- WHAT IS EXPECTED:
Retype, word for word, every line of the records below starting at the one that contains "Yamaha xvz 1300 Venture Royale billede 4" and ending at the one that contains "Muzułmanie modlą się"; include both of those lines and nothing more.

- SUPPLIED MATERIAL:

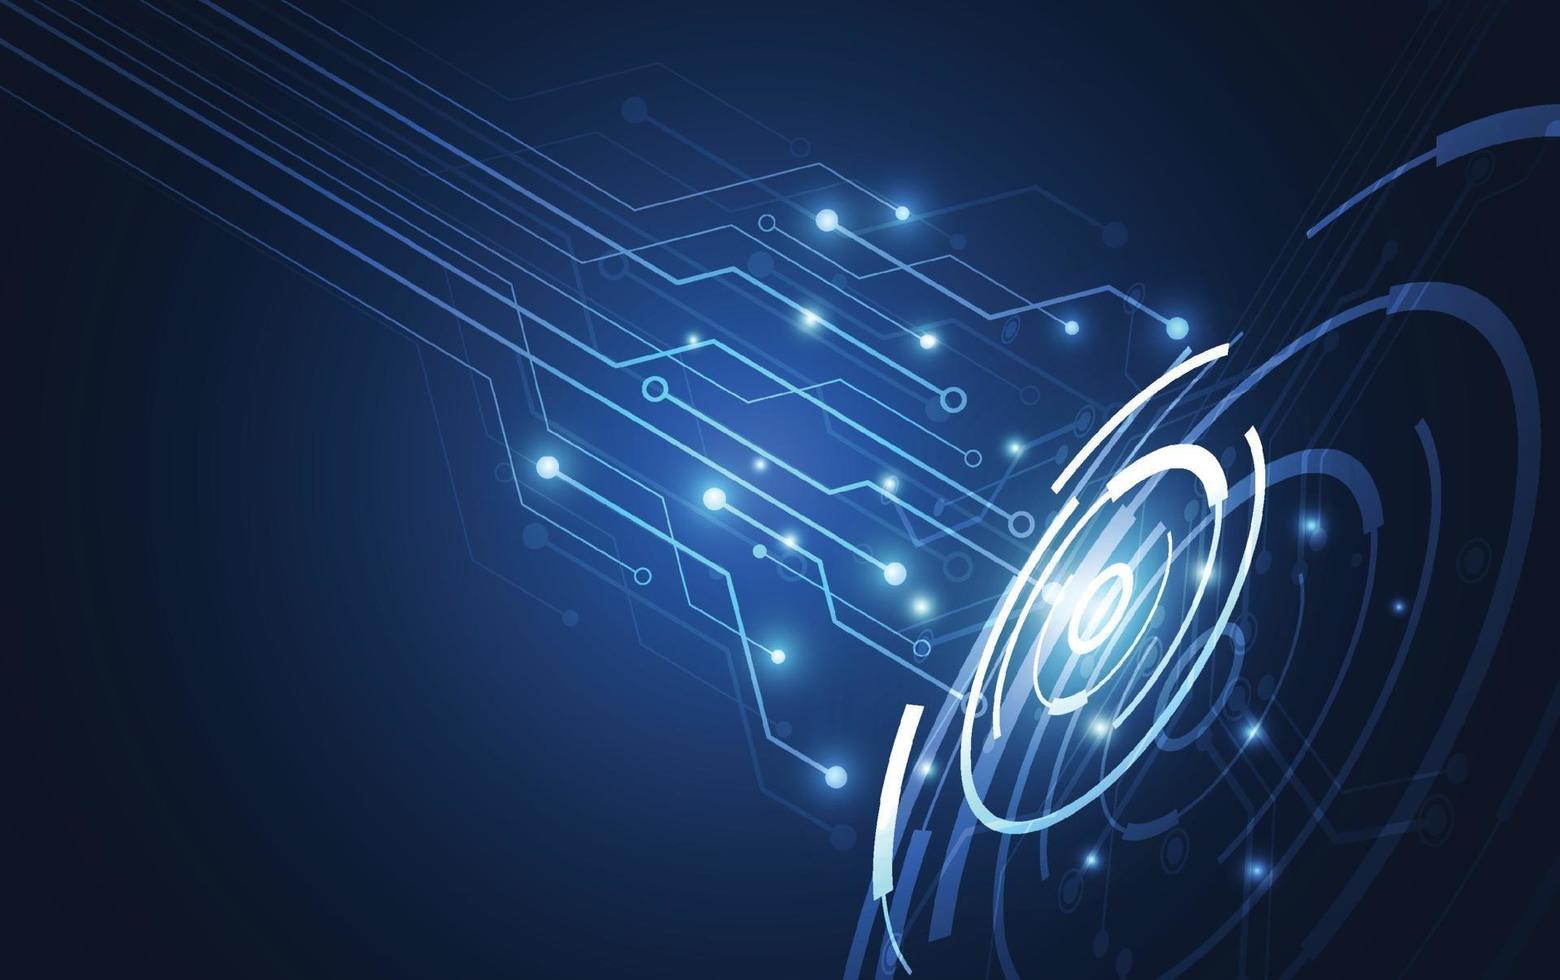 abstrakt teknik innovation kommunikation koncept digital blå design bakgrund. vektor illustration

---

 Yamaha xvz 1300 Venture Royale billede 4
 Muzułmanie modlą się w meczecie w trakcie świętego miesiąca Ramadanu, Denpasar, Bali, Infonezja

- ANSWER FOR THIS EXERCISE:
 Yamaha xvz 1300 Venture Royale billede 4
 Muzułmanie modlą się w meczecie w trakcie świętego miesiąca Ramadanu, Denpasar, Bali, Infonezja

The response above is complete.